Exact reproduction is required for the lines below starting at the line with "for former acrobat" and ending at the line with "MudPie White Paulownia Tray/Vase Set", both included. No other lines, and no pictures.

▶ _DATA IN THIS EXERCISE_
•••••
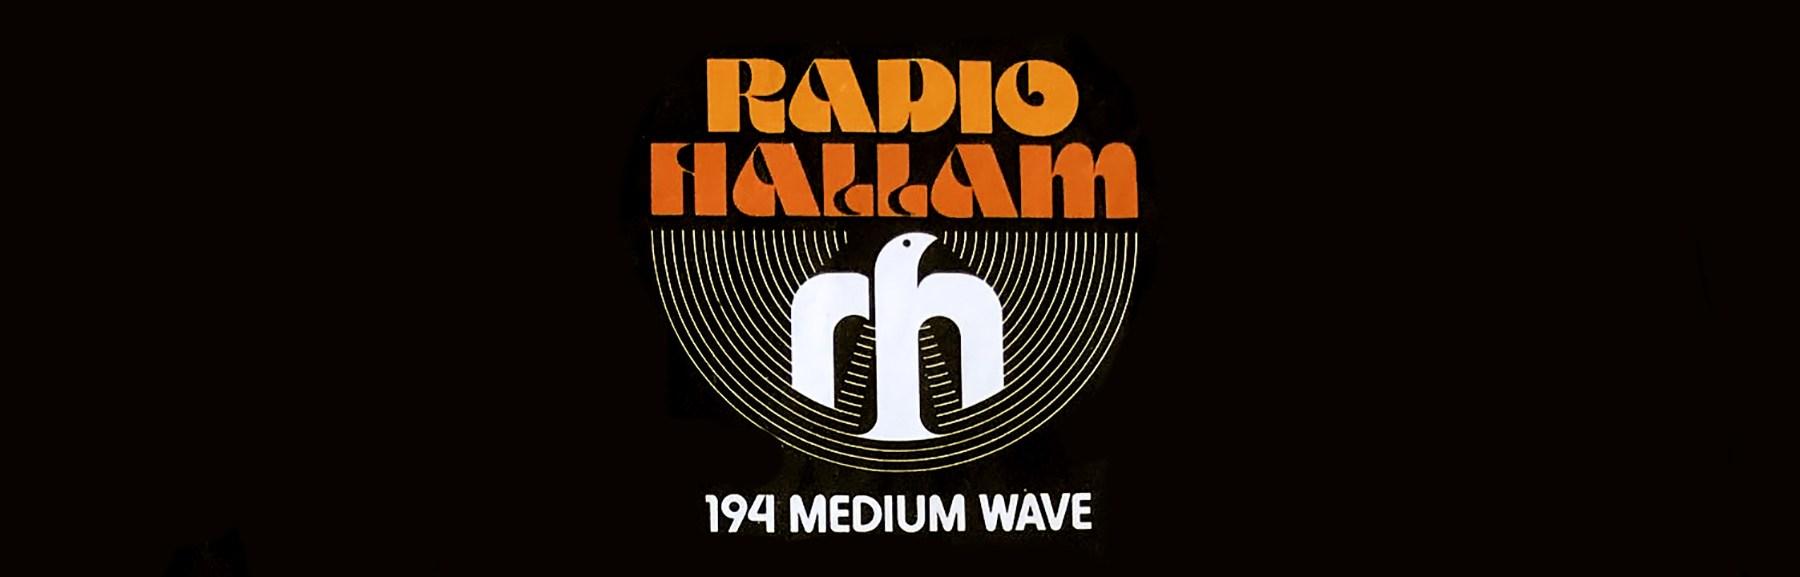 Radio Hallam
•••••
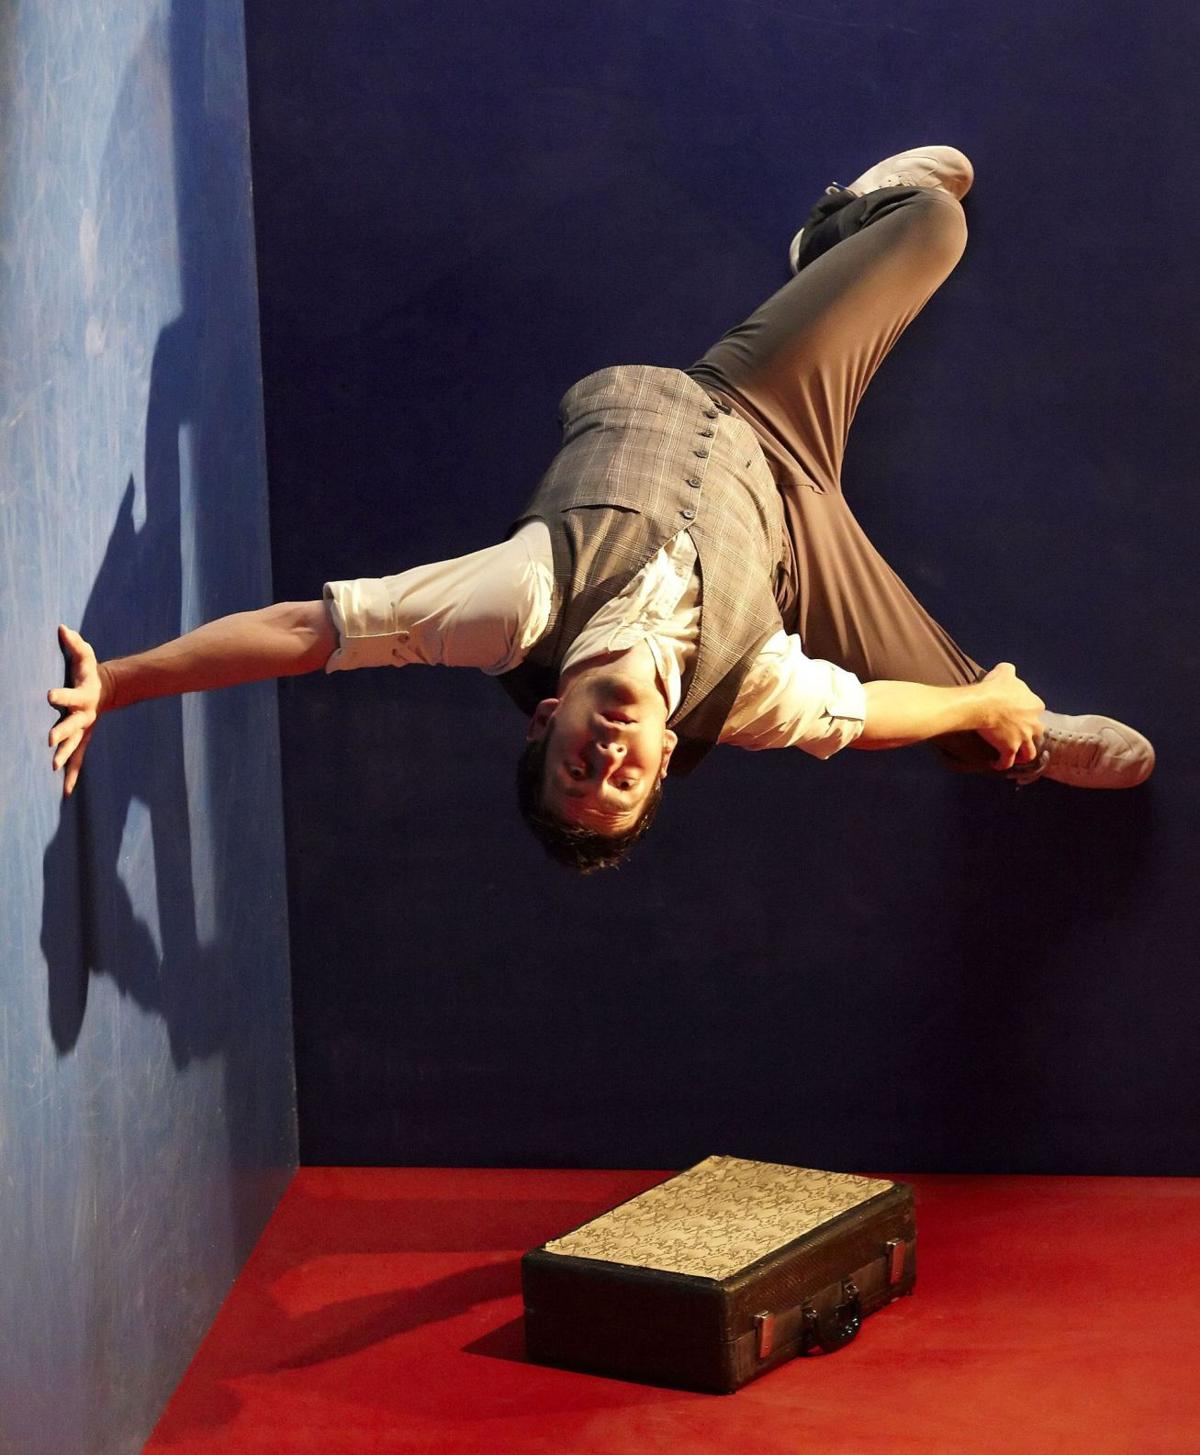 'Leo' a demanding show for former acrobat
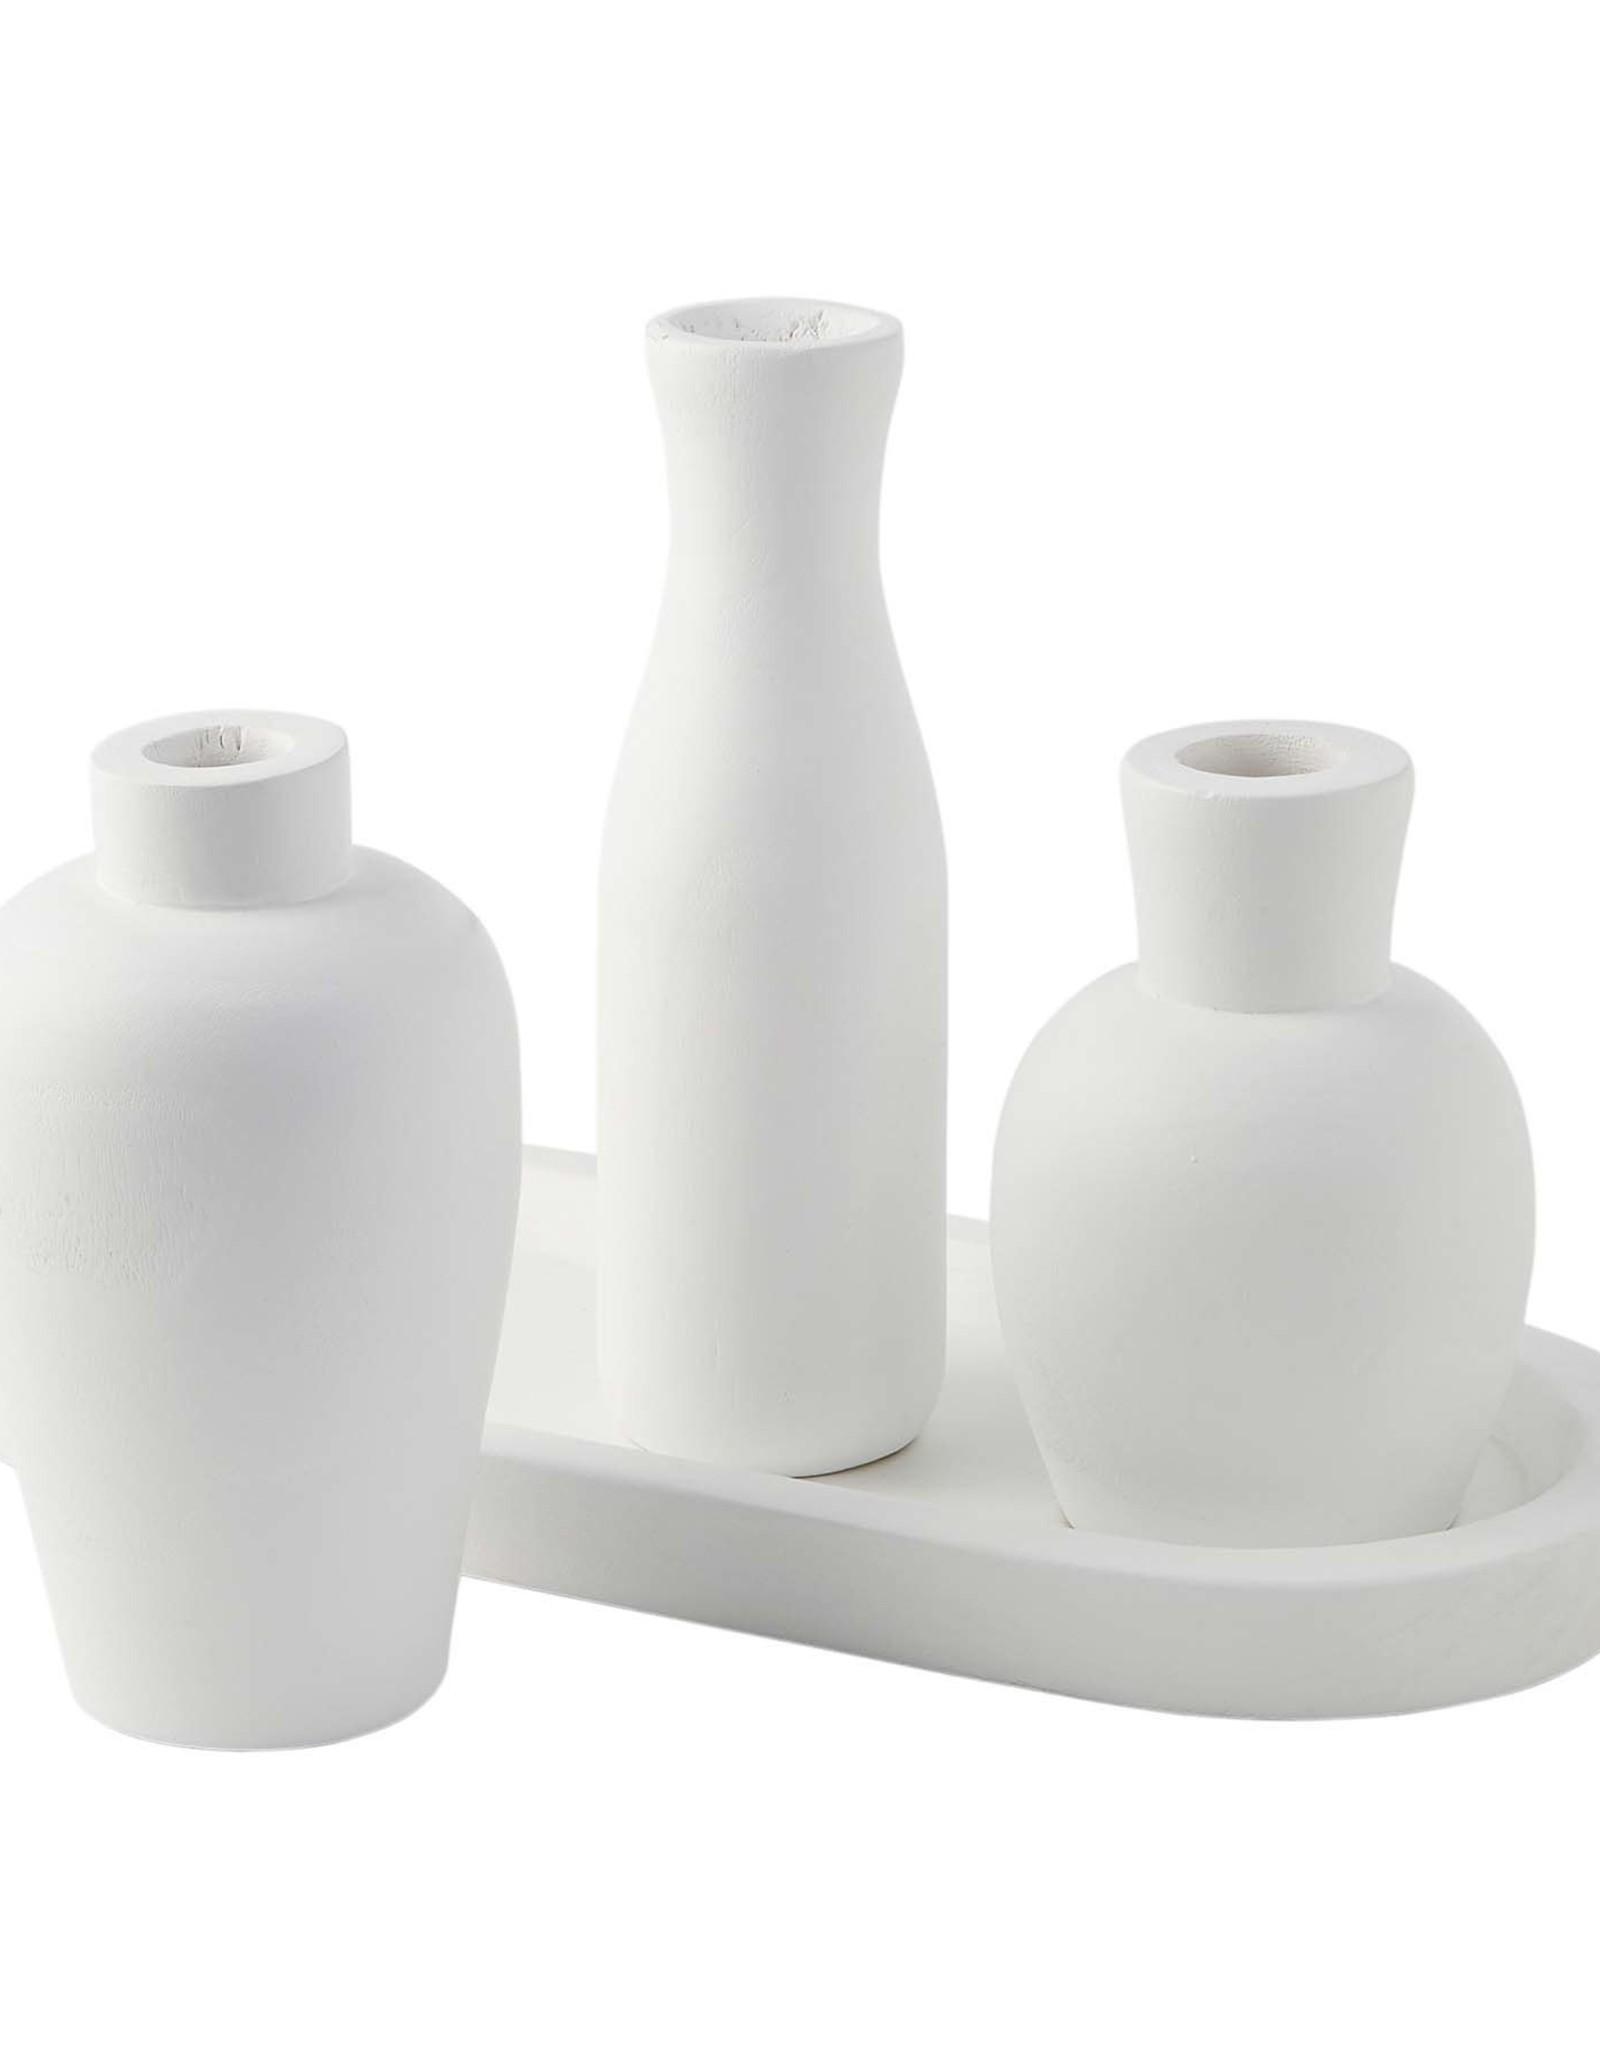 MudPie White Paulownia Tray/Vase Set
•••••
▶ _EXERCISE OUTPUT_
 'Leo' a demanding show for former acrobat
 MudPie White Paulownia Tray/Vase Set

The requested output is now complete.